Kidney volume exhibited significant variation form D0 to D7, affecting the precision of dosimetry calculation, primarily due to errors in whole-kidney parenchyma (WKP) delineation. Notably, using WKP segmentation from a single CT scan applied to sequential SPECT images introduce further uncertainty and may lead to an overestimation of the absorbed dose. The fluctuations in kidney volume are most likely attributable to amino acid infusion.

摘要

引言

本研究旨在评估基于CT的全肾实质(WKP)分割在卢-多他赛(Lu-DOTATATE)剂量测定中的应用。具体而言,它研究了治疗期间WKP体积是否发生变化,并评估了将单个勾勒的WKP体积应用于剂量测定的准确性。此外,它旨在通过将WKP体积变化与作为辐射诱导改变标志物的脾脏体积变化进行比较,确定WKP体积变化的原因——是由辐射还是氨基酸输注引起的。

方法

在注射Lu-DOTATATE后约4小时(D0)、24小时(D1)、48小时(D2)和168小时(D7),对18例患者的腹部进行SPECT/CT成像。
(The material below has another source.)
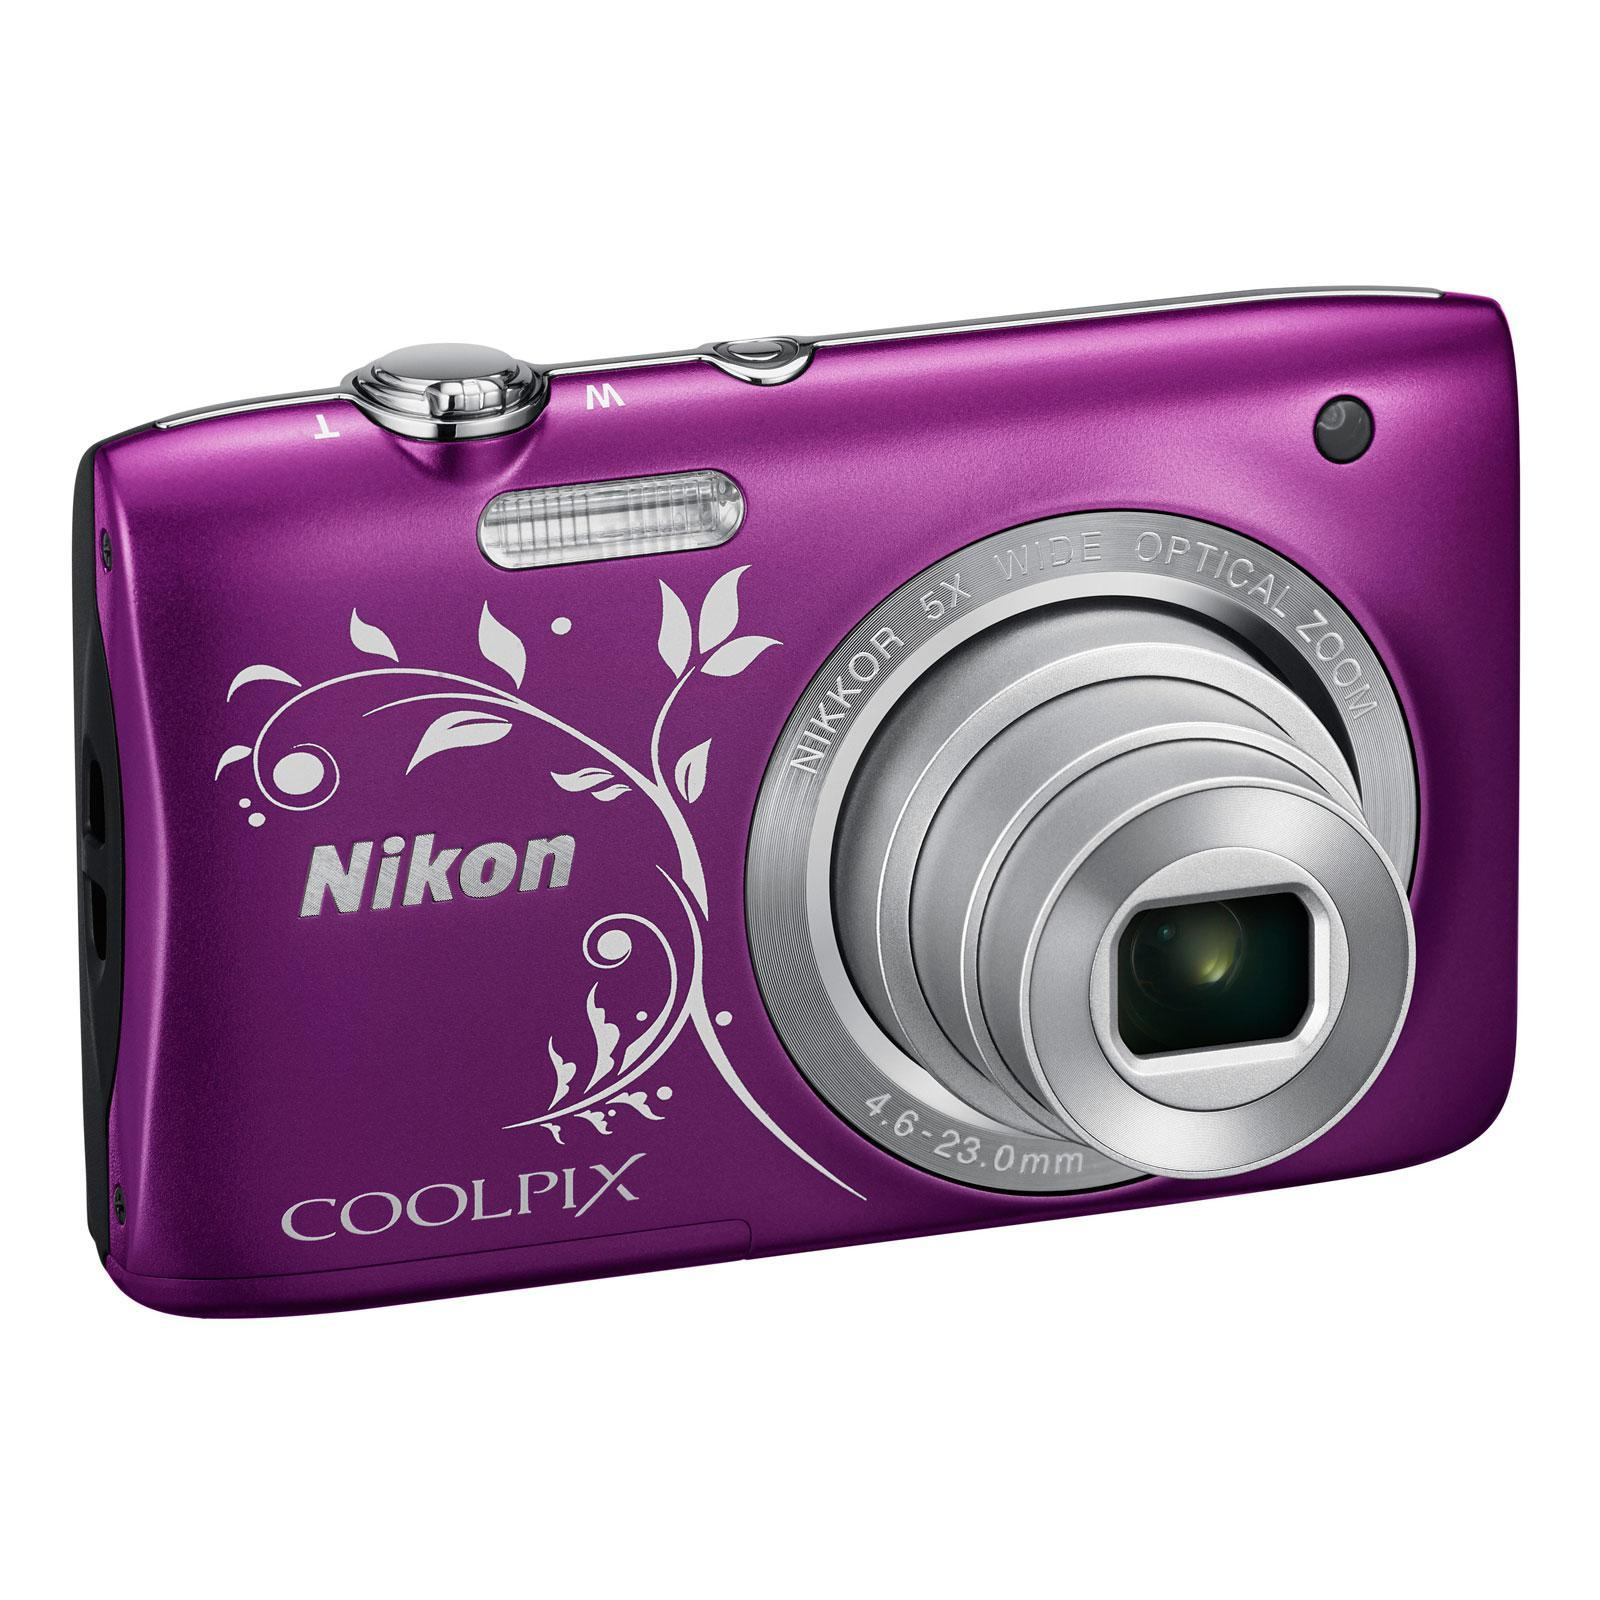 Nikon - COOLPIX S2900 - Prune

在治疗前(基线)和治疗期间测量CT引导下的WKP体积。每个时间点肾脏的活度浓度由叠加在SPECT扫描上的CT分割的WKP得出。将单个CT的WKP分割用于所有时间点的准确性与逐个分割每个WKP的金标准进行比较评估。时间积分活度计算基于肾脏活度浓度随时间的三指数曲线拟合。在局部能量沉积的假设下估计肾脏吸收剂量。此外,评估了各种部分容积校正方法对剂量测定的影响。

结果

全肾实质(WKP)体积范围为31至243 mL,在初始时间点D0(138. ± 44.7 mL)和D1(139.4 ± 41.6 mL)时,相对于基线(平均 ± 标准差 = 130.6 ± 46.1 mL)逐渐增加,随后在D2(132.8 ± 44.5 mL)时略有下降,在D7(129.2 ± 42.7 mL)时进一步下降。D0和D1时的体积增加具有统计学意义。治疗期间脾脏体积未发生变化,这表明是氨基酸输注而非辐射效应导致了WKP体积变化。Bland-Altman分析显示WKP体积偏差在D0与基线(B)相比时为8.77%,D1与基线相比时为10.77%,D2与基线相比时为1.10%,D7与基线相比时为1.10%,相应的不确定度分别为24.4%、23.6%、25.4%和25.4%。当将单个CT的WKP分割应用于所有SPECT时,这些WKP体积变化可能分别使活度浓度和平均吸收剂量高估高达4.3%和2.5%。与使用患者特异性恢复系数(RC)和WKP体积的时间特异性分割相比,在单次时间点WKP勾勒中使用恢复系数(RC)为0.85会使吸收剂量不确定度增加4%。

结论

从D0到D7,肾脏体积表现出显著变化,影响了剂量测定计算的精度,主要是由于全肾实质(WKP)勾勒中的误差。值得注意的是,将单个CT扫描的WKP分割应用于连续的SPECT图像会引入进一步的不确定度,并可能导致吸收剂量的高估。肾脏体积的波动很可能归因于氨基酸输注。